Conversely, AI also provides tremendous opportunities for qualitative research. The language processing capabilities of AI can enhance language understanding in qualitative research. AI models can help researchers to discern nuances, sentiments, and contextual meanings in text, enabling a more in-depth analysis of human participants’ responses [7]. This can be particularly valuable in understanding subjective experiences and viewpoints. Additionally, AI language models equipped with multilingual capabilities offer the opportunity to conduct cross-lingual qualitative research. This can be beneficial in transcending language barriers, allowing researchers to explore diverse cultural perspectives and enriching the depth and breadth of qualitative studies.

Study Aims

The main goal of this study is to explore the way in which LLMs can act as qualitative research participants, and how their responses in in-depth interviews on a complex subject compare to human responses. This type of design has, to our knowledge, not been tested in empirical research to date [16,17,18]. To achieve this, we devised a context in which two LLMs were used as virtual participants in semi-structured interviews. Our evaluation focused on assessing the performance of these platforms, comparing the outcomes with the themes and concepts derived from a parallel study involving human participants, which was conducted in 2022 [19].

2. Materials and Methods

This study drew inspiration from and builds upon the foundational research conducted by Donck et al. [19] on parental perspectives on adolescent health-related confidentiality. Diverging from the conventional recruitment of human participants, our methodology incorporated two advanced AI models: ChatGPT-4 (version 3, August 2023) and Bard (version 13, July 2023). This deliberate choice, driven by their public availability and status as the two largest LLMs, facilitated a comparative analysis of the outputs generated by these models against the findings of Donck et al. [19]. Opting for two distinct AI models was a strategic decision, enabling a broader range of responses and facilitating an in-depth exploration of each model’s capabilities and potential limitations.

AI personas were generated based on the same participant profiles that were recruited in the study by Donck et al. [19]. This approach ensured consistent representation in terms of age, gender, marital status, and parental status. The interactive sessions, designed to simulate online interviews, faithfully mirrored the conditions of data collection established in the original study [19].

In our methodology, we adapted original cases from Donck et al. [19] into prompts tailored to be compatible with the selected AI platforms. Twenty AI-generated participants (ten AI mothers and ten AI fathers, aligning with Donck et al. [19]) were engaged in simulated interview sessions that replicated the conditions of the original study. These sessions revolved around four cases related to potential areas of disagreement between parents and children in medical treatment scenarios.
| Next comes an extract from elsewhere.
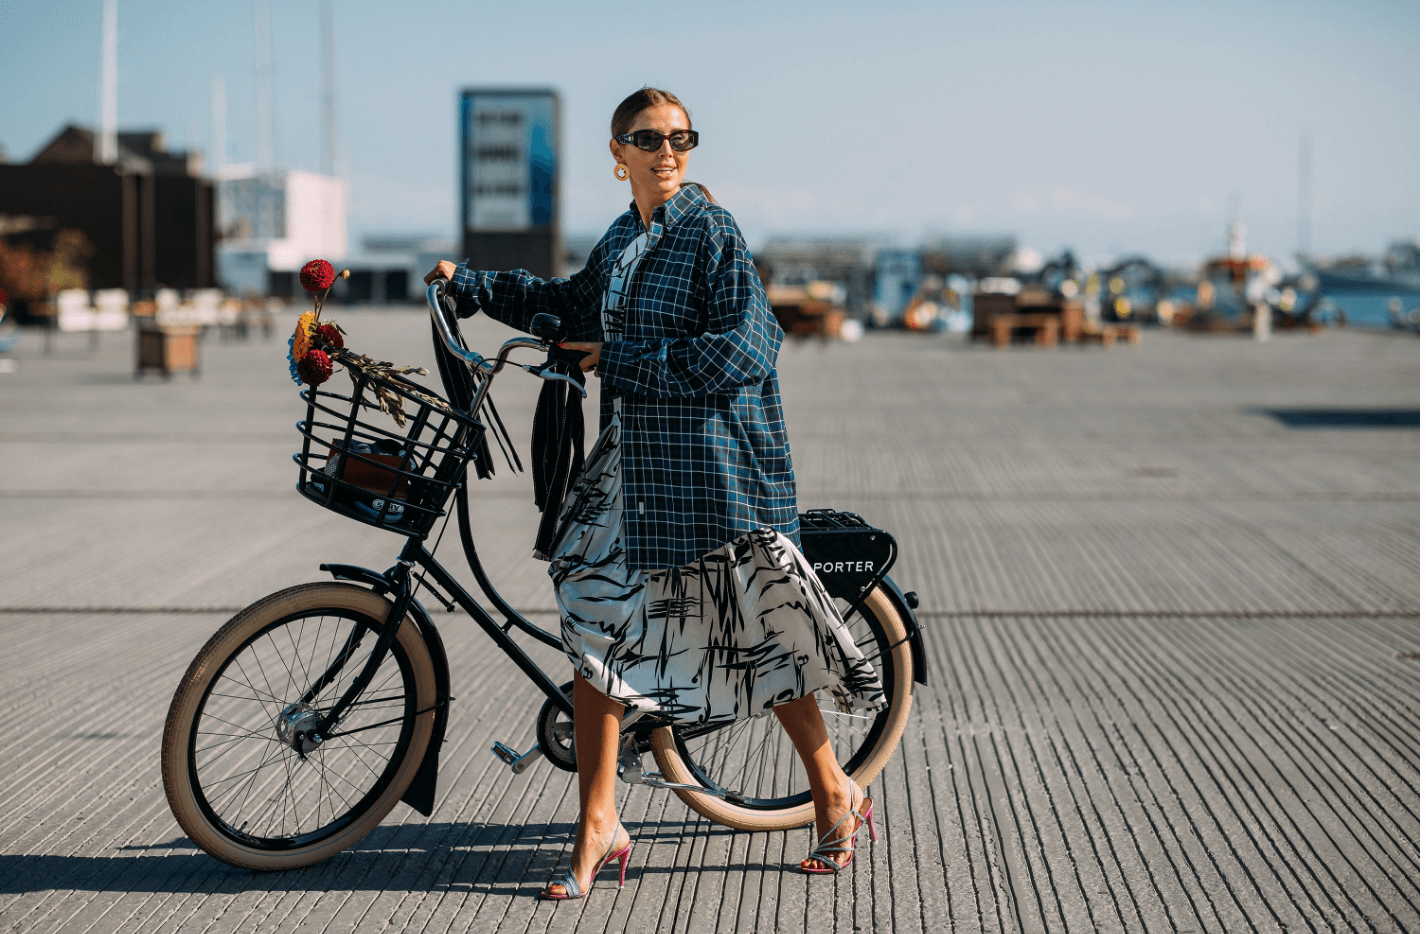 Snyggast klädda på köpenhamns modevecka
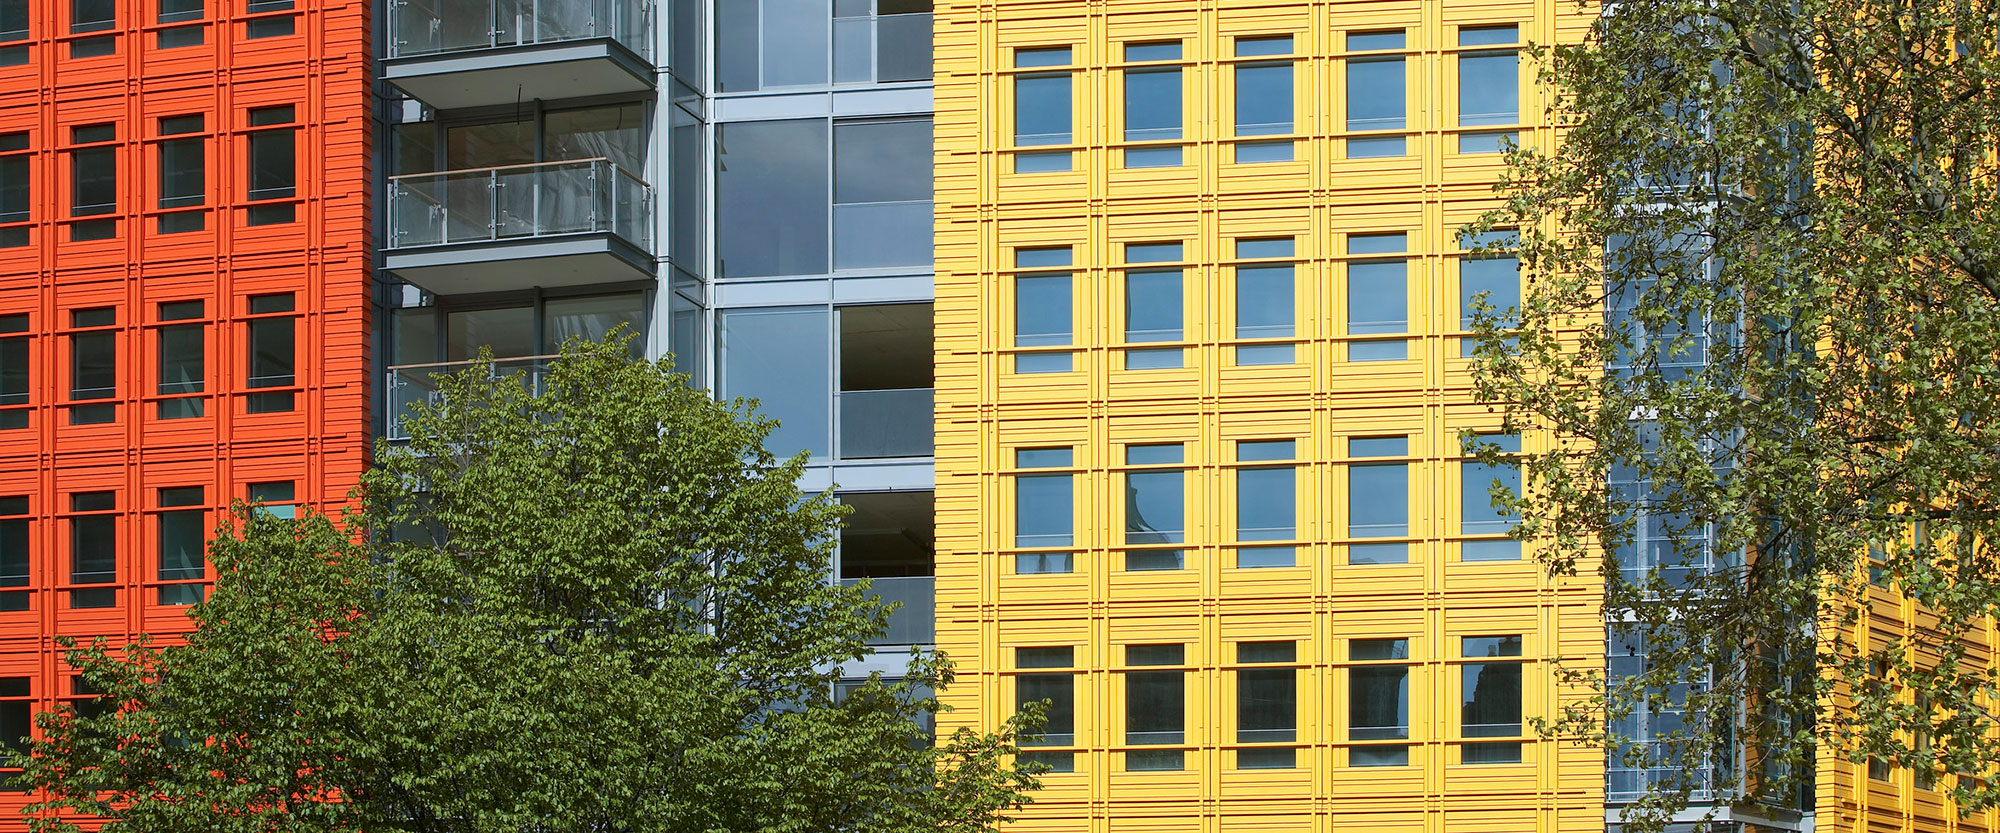 Colourful building facades

These cases, developed collaboratively by a team of pediatricians and sociologists, focused on confidentiality issues within the physician–patient–parent triad in the context of alcohol intoxication, sexually transmitted disease (STD), ultrasound without parental knowledge, and mental health issues (see Appendix A for an overview of the cases). After presenting each case, AI participants were queried about their opinions on whether a physician should share information with them, even if the adolescent requested confidentiality. Consistent inquiries were made regarding the potential influence of the age and sex of the adolescent, as well as distinction between a general practitioner and a specialist. Responses from the AI models were recorded and stored in a separate database. All interactions, including those with the AI models, were conducted in Dutch, and the entire AI interview cycle took place in August 2023. Instances where ChatGPT-4 or Bard struggled to produce a response were terminated, prompting the initiation of a new interview.

The initial phase of data analysis involved open coding, wherein interview outcomes were distilled into summarized concepts. To bolster research robustness and mitigate biases, interviews conducted with ChatGPT and Bard were independently coded by two-person research groups. Collaboration within these groups was integral to the coding process [20]. Subsequently, the axial coding phase was initiated to formulate overarching categories that encompassed all of the interview data for each AI model. In the final selective coding phase, the connections identified earlier were validated through discussions that involved comparing included and omitted data [21]. This coding approach resulted in the identification of primary themes related to confidentiality: etiology, privacy, responsibility, and patient characteristics.

After completing data collection and analysis, the concepts from ChatGPT-4 and Bard were compared with those from the original study [19]. A matrix was established to juxtapose primary themes from AI-assisted interviews with those from the human participant study, providing a tangible framework for pinpointing commonalities and differences. For an overview of key quotes by both AIs and human participants, see Appendix B.

3. Results

The analysis revealed three primary themes in the interviews with ChatGPT and Bard: (1) privacy, (2) trust, and (3) etiology of the health problems. These themes, along with their corresponding subthemes, are detailed below. Although ChatGPT and Bard generated similar concepts, there were nuanced differences in their meanings, and they placed varying emphasis on specific concepts.

3.1. Trust

3.1.1. Between Parent and Physician

In ChatGPT’s responses, the relationship between parents and physicians took a backseat, garnering prominence only in cases of depression. Here, AI-parents consistently utilized their connection with the physician to foster openness in their child. Notably, AI-parents placed trust in the physician’s judgment, particularly that of a general practitioner, concerning matters of privacy. The significance of the physician maintaining a positive relationship with the adolescent stood out, underlining the general practitioner’s insight into family dynamics.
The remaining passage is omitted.